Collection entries
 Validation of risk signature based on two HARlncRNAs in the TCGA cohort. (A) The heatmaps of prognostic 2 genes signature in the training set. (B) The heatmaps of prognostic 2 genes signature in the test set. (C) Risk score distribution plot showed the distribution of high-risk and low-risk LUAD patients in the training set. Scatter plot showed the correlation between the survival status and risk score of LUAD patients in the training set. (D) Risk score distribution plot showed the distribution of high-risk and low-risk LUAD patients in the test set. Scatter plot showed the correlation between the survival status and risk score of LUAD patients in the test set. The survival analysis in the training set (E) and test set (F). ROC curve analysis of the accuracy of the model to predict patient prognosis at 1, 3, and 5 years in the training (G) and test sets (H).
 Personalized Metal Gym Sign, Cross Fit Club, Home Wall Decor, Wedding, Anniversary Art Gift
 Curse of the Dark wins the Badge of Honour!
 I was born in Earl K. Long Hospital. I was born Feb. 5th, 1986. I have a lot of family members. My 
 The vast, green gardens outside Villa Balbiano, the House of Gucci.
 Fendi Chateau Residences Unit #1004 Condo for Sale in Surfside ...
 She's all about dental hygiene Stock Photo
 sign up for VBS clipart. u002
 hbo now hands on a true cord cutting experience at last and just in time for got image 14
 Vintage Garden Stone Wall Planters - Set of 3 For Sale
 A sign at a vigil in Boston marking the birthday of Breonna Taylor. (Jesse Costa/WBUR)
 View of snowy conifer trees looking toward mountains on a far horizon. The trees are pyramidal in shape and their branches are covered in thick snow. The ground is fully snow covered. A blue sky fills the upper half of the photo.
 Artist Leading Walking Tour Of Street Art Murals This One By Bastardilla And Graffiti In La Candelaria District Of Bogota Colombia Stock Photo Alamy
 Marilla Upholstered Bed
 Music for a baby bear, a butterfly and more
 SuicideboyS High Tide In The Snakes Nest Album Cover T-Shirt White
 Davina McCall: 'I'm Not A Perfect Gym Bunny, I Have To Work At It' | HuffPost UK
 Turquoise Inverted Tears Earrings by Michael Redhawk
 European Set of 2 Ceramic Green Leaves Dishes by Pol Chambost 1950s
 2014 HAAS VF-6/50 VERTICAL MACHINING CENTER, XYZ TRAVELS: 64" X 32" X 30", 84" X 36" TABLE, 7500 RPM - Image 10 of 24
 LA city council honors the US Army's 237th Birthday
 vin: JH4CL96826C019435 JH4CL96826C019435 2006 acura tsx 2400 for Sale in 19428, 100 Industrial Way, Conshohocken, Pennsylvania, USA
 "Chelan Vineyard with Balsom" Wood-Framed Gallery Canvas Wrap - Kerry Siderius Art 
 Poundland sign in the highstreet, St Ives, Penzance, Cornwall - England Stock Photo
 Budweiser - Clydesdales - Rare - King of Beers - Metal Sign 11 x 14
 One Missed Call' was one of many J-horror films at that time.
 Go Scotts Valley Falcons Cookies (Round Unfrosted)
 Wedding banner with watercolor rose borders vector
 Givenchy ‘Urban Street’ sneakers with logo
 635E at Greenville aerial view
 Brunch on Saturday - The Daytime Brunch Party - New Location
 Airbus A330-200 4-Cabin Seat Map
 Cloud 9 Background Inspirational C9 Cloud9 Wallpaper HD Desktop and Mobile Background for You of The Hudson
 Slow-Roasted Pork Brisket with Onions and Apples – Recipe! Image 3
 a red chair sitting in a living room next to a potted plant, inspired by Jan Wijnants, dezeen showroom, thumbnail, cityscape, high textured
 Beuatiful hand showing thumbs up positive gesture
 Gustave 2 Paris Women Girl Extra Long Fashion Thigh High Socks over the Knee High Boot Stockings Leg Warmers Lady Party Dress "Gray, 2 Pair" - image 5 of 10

» **WHAT YOU NEED TO DO**: Please output the complete data exactly.

» **ANSWER BELOW**:
 Validation of risk signature based on two HARlncRNAs in the TCGA cohort. (A) The heatmaps of prognostic 2 genes signature in the training set. (B) The heatmaps of prognostic 2 genes signature in the test set. (C) Risk score distribution plot showed the distribution of high-risk and low-risk LUAD patients in the training set. Scatter plot showed the correlation between the survival status and risk score of LUAD patients in the training set. (D) Risk score distribution plot showed the distribution of high-risk and low-risk LUAD patients in the test set. Scatter plot showed the correlation between the survival status and risk score of LUAD patients in the test set. The survival analysis in the training set (E) and test set (F). ROC curve analysis of the accuracy of the model to predict patient prognosis at 1, 3, and 5 years in the training (G) and test sets (H).
 Personalized Metal Gym Sign, Cross Fit Club, Home Wall Decor, Wedding, Anniversary Art Gift
 Curse of the Dark wins the Badge of Honour!
 I was born in Earl K. Long Hospital. I was born Feb. 5th, 1986. I have a lot of family members. My 
 The vast, green gardens outside Villa Balbiano, the House of Gucci.
 Fendi Chateau Residences Unit #1004 Condo for Sale in Surfside ...
 She's all about dental hygiene Stock Photo
 sign up for VBS clipart. u002
 hbo now hands on a true cord cutting experience at last and just in time for got image 14
 Vintage Garden Stone Wall Planters - Set of 3 For Sale
 A sign at a vigil in Boston marking the birthday of Breonna Taylor. (Jesse Costa/WBUR)
 View of snowy conifer trees looking toward mountains on a far horizon. The trees are pyramidal in shape and their branches are covered in thick snow. The ground is fully snow covered. A blue sky fills the upper half of the photo.
 Artist Leading Walking Tour Of Street Art Murals This One By Bastardilla And Graffiti In La Candelaria District Of Bogota Colombia Stock Photo Alamy
 Marilla Upholstered Bed
 Music for a baby bear, a butterfly and more
 SuicideboyS High Tide In The Snakes Nest Album Cover T-Shirt White
 Davina McCall: 'I'm Not A Perfect Gym Bunny, I Have To Work At It' | HuffPost UK
 Turquoise Inverted Tears Earrings by Michael Redhawk
 European Set of 2 Ceramic Green Leaves Dishes by Pol Chambost 1950s
 2014 HAAS VF-6/50 VERTICAL MACHINING CENTER, XYZ TRAVELS: 64" X 32" X 30", 84" X 36" TABLE, 7500 RPM - Image 10 of 24
 LA city council honors the US Army's 237th Birthday
 vin: JH4CL96826C019435 JH4CL96826C019435 2006 acura tsx 2400 for Sale in 19428, 100 Industrial Way, Conshohocken, Pennsylvania, USA
 "Chelan Vineyard with Balsom" Wood-Framed Gallery Canvas Wrap - Kerry Siderius Art 
 Poundland sign in the highstreet, St Ives, Penzance, Cornwall - England Stock Photo
 Budweiser - Clydesdales - Rare - King of Beers - Metal Sign 11 x 14
 One Missed Call' was one of many J-horror films at that time.
 Go Scotts Valley Falcons Cookies (Round Unfrosted)
 Wedding banner with watercolor rose borders vector
 Givenchy ‘Urban Street’ sneakers with logo
 635E at Greenville aerial view
 Brunch on Saturday - The Daytime Brunch Party - New Location
 Airbus A330-200 4-Cabin Seat Map
 Cloud 9 Background Inspirational C9 Cloud9 Wallpaper HD Desktop and Mobile Background for You of The Hudson
 Slow-Roasted Pork Brisket with Onions and Apples – Recipe! Image 3
 a red chair sitting in a living room next to a potted plant, inspired by Jan Wijnants, dezeen showroom, thumbnail, cityscape, high textured
 Beuatiful hand showing thumbs up positive gesture
 Gustave 2 Paris Women Girl Extra Long Fashion Thigh High Socks over the Knee High Boot Stockings Leg Warmers Lady Party Dress "Gray, 2 Pair" - image 5 of 10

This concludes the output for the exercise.